Anyone who has assembled a jigsaw puzzle notices right away how many puzzle pieces look similar. Even different pieces can share many common features. It is tempting to think that all the pieces forming the sky in a landscape photo, for example, could be efficiently described. But sadly, there are pitfalls.
In video, self-similarity occurs heavily between successive frames, which is the logical basis for P-frame compression, and all proper video codecs do this. So we will focus on the problems with self-similarity for just one frame (or for key frames, if you prefer).
Self-similarity occurs in inverse proportion to block size. The smaller the blocks, the more likely a match can be found with other blocks. However, there are now more blocks to encode. Large blocks are fewer, but finding a match becomes exponentially more difficult.
The most fundamental error is that typical images (or images that people find useful) do not actually contain useful self-similarity. This is probably why Barnsley’s examples focus almost entirely on ideal pictures of ferns and fractals. In the real world, even a photo of a fern does not contain large self-similarity. A cursory review of an average photo yields abundant exceptions. Even if an object in the scene contains a highly regular repeating texture, it may lie at an angle unfavorable to the block grid, or be distorted by perspective, or the lighting may differ across it.
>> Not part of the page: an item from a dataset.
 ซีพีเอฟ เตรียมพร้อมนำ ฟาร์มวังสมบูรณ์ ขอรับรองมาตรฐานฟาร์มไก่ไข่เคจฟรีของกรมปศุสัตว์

Because the block matching scheme only sees pixels, all these things (and more, like dirt), easily frustrate it.
Another problem is that, in order to find a match, we cannot be choosy about which block we are comparing. That means that, at a minimum, when a match is found, we must encode the location of the block. Needless to say, block searching is also slow.
We are also limited in where we can search, because the decode process cannot copy from blocks which have not yet been drawn onto the frame. If we are drawing blocks from top to bottom, we can only fetch blocks above the current drawing position. This makes the first set of rows compress poorly as well.
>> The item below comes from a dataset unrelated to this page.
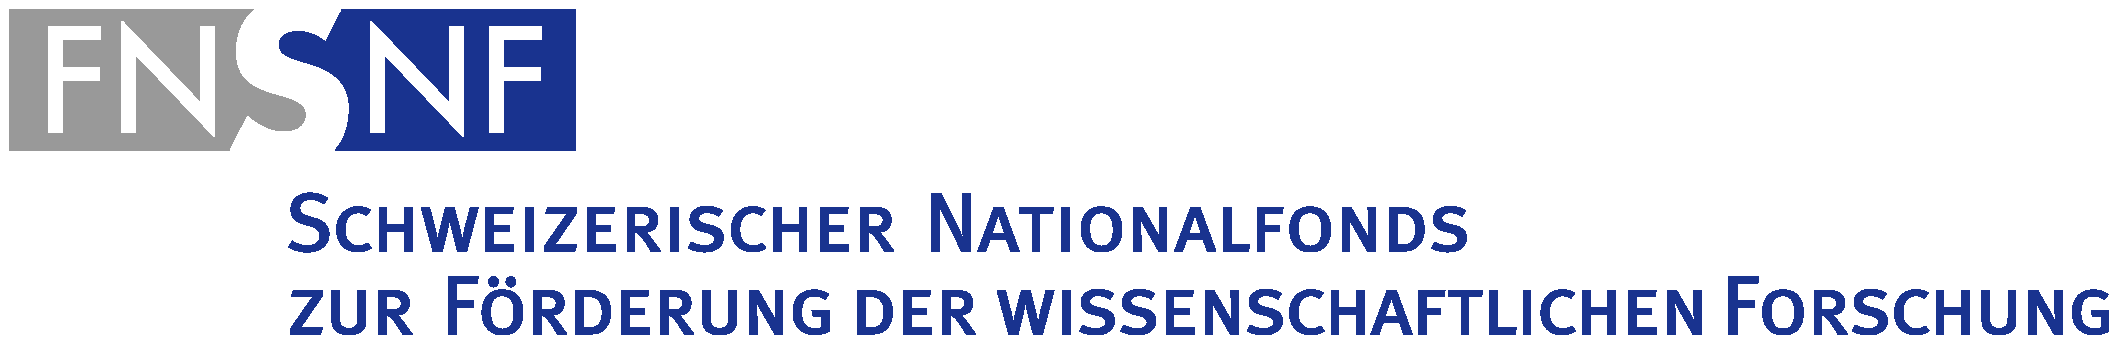 SNF - Schweizer Nationalfonds

Matches are almost impossible to find unless we allow for color shifting. This is a value (which is another encoding cost) that alters the brightness of a block in order to improve the match. If we also transform (rotate, flip, etc.) a block to improve a match, then the code number of the transform must also be encoded.
Matches also require lossy compression, because exact matches are astronomically unlikely. A tiny 2 x 2 grayscale block can have over four billion possible color combinations, and a 4 x 4 grayscale block has over 3.4 x 10 to the 38th power. This combinatorial problem is also why quadtree schemes (like TRUDEF) often split large blocks to encode more smaller blocks.
It would be fitting to say that the devil is in the details. We look at all the puzzle pieces of a grassy field and find them similar, but upon closer examination, each contains a unique pattern. It is easy to mistake the superficial similarity for the kind of similarity that can be efficiently compressed. If we were allowed to assemble our puzzle pieces in any order, we would find the resulting scene unacceptable, because even though all grass pieces are green, we would easily see a discordant random jumble. The details matter, and must be encoded.